A dog flies through the air, leaping from the wings of one aircraft to the next - a spectacular sight, today as it was in the 1920s when the motif was used to advertise an adventure film. It adorns the cover of the catalogue for the exhibition "Captivated Views" on historical film posters, which can be seen in the Erfurt University Library from 24 November 2023 to 4 February 2024.

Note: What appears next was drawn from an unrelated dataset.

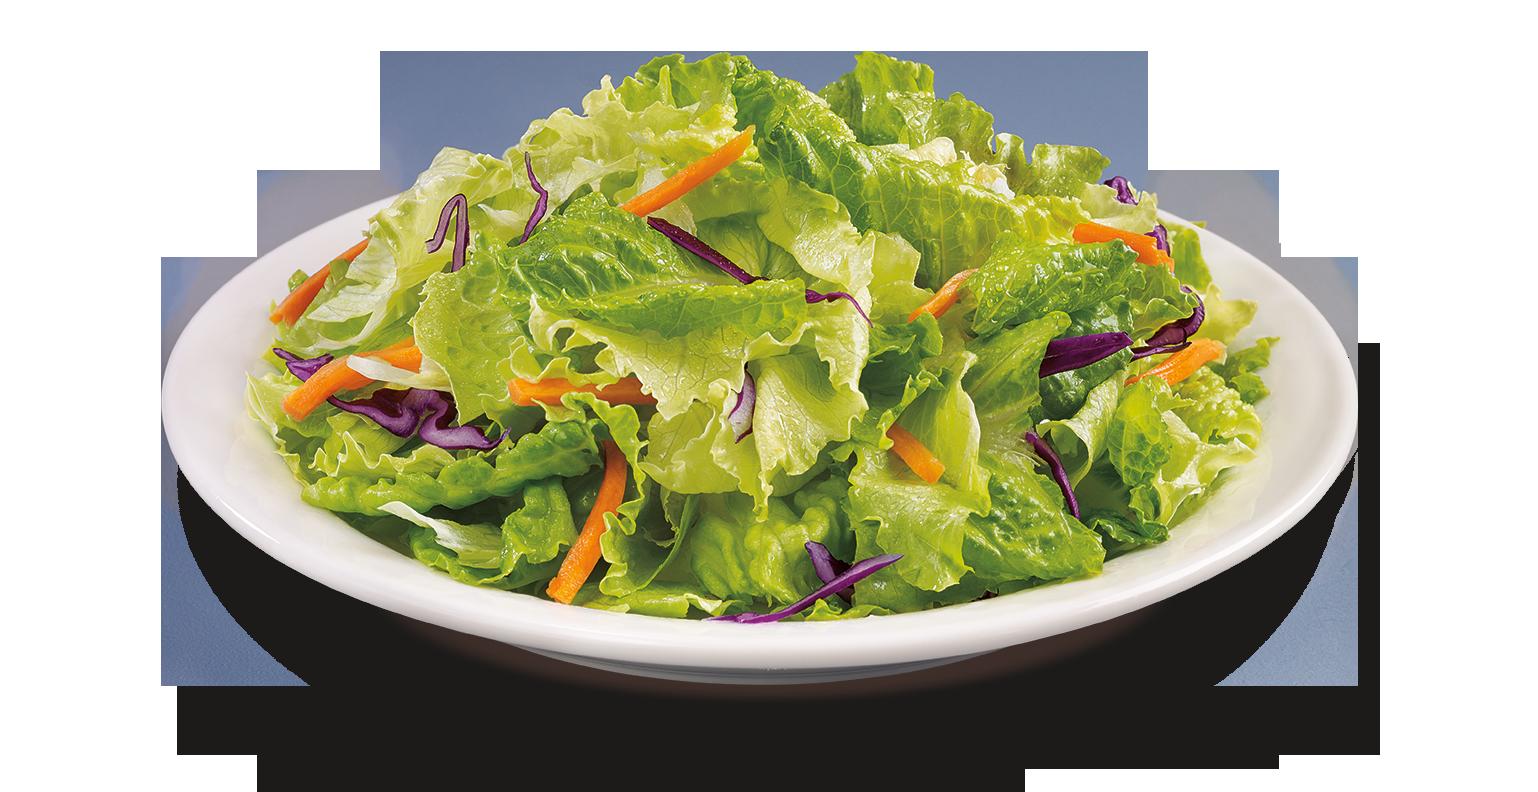 High Resolution Wallpaper | Salad 1538x792 px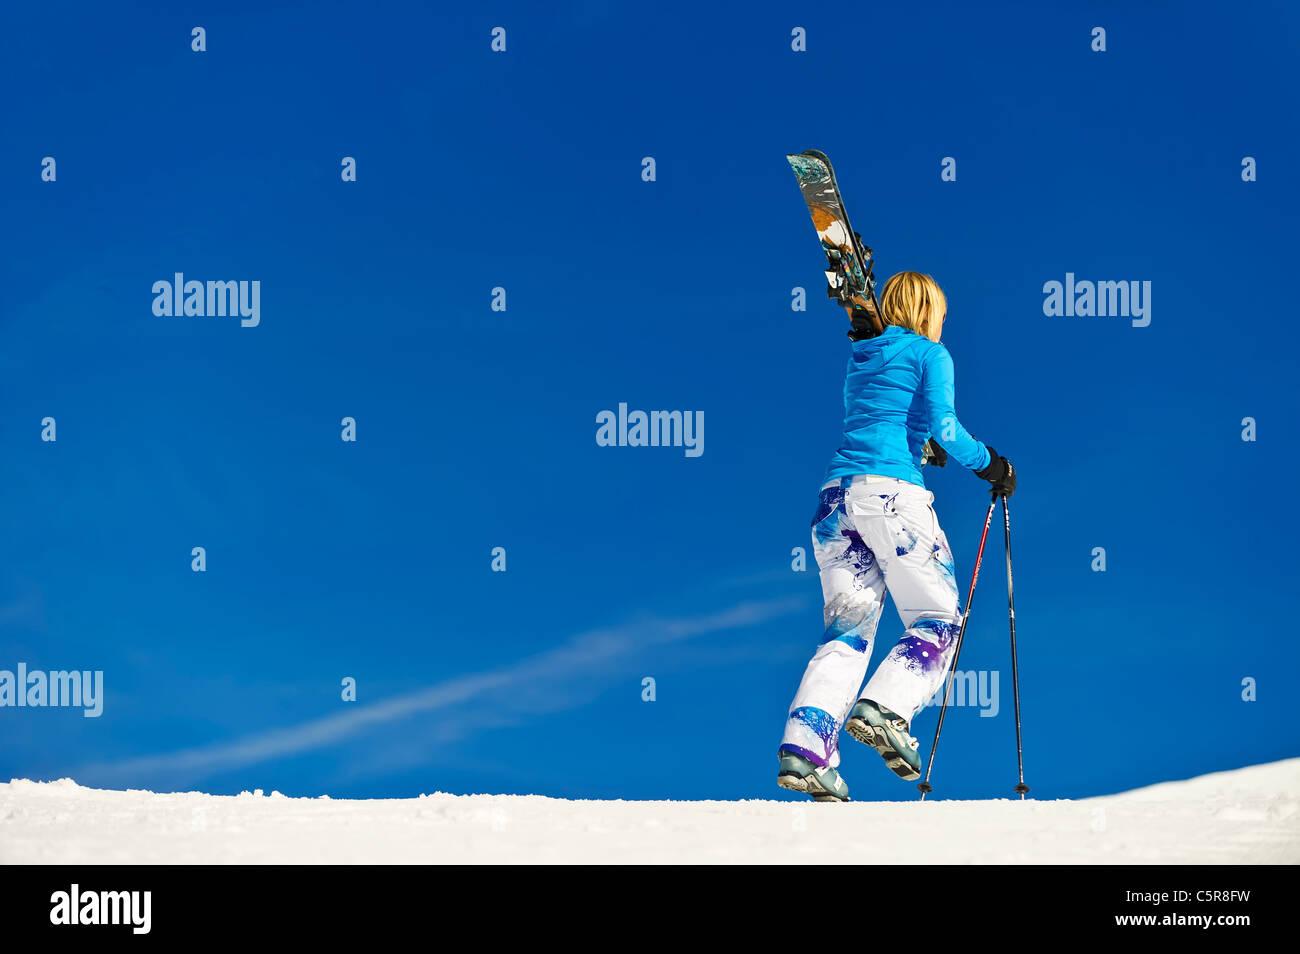 A female skier walking along the piste. - Stock Image

The exhibition with around 40 large-format advertising motifs, which was already on display at the Weimar University Library in summer 2023, is reproduced in full in the catalogue. The full-page poster illustrations are supplemented by explanatory texts in which students from Erfurt and Weimar explain the background and develop current perspectives. This research, which was carried out as part of a joint seminar at both universities, reveals a great deal about the content and contexts of the films in question, as well as the creation of each poster and its graphic concept. "Posters condense the plot of a film into a key scene," explains Patrick Rössler, Professor of Communication Studies at the University of Erfurt and, together with Dr Simon Frisch and Dr Katrin Richter from the Bauhaus University Weimar, curator of the exhibition and editor of the volume. "At the same time, we learn a lot about the perception of society and social roles at the time from the artistic realisation." Throughout the entire volume, there is a particular focus on the prevailing gender relations of the time: Not only are the fun-loving flappers of the girl culture and the vamp of the "Golden Twenties" documented, but also the modern, working woman and the hardships of the unintentionally pregnant woman. The posters, originally disposable products of the advertising industry, now become objects of cultural history, many of which are depicted in the catalogue for the first time ever.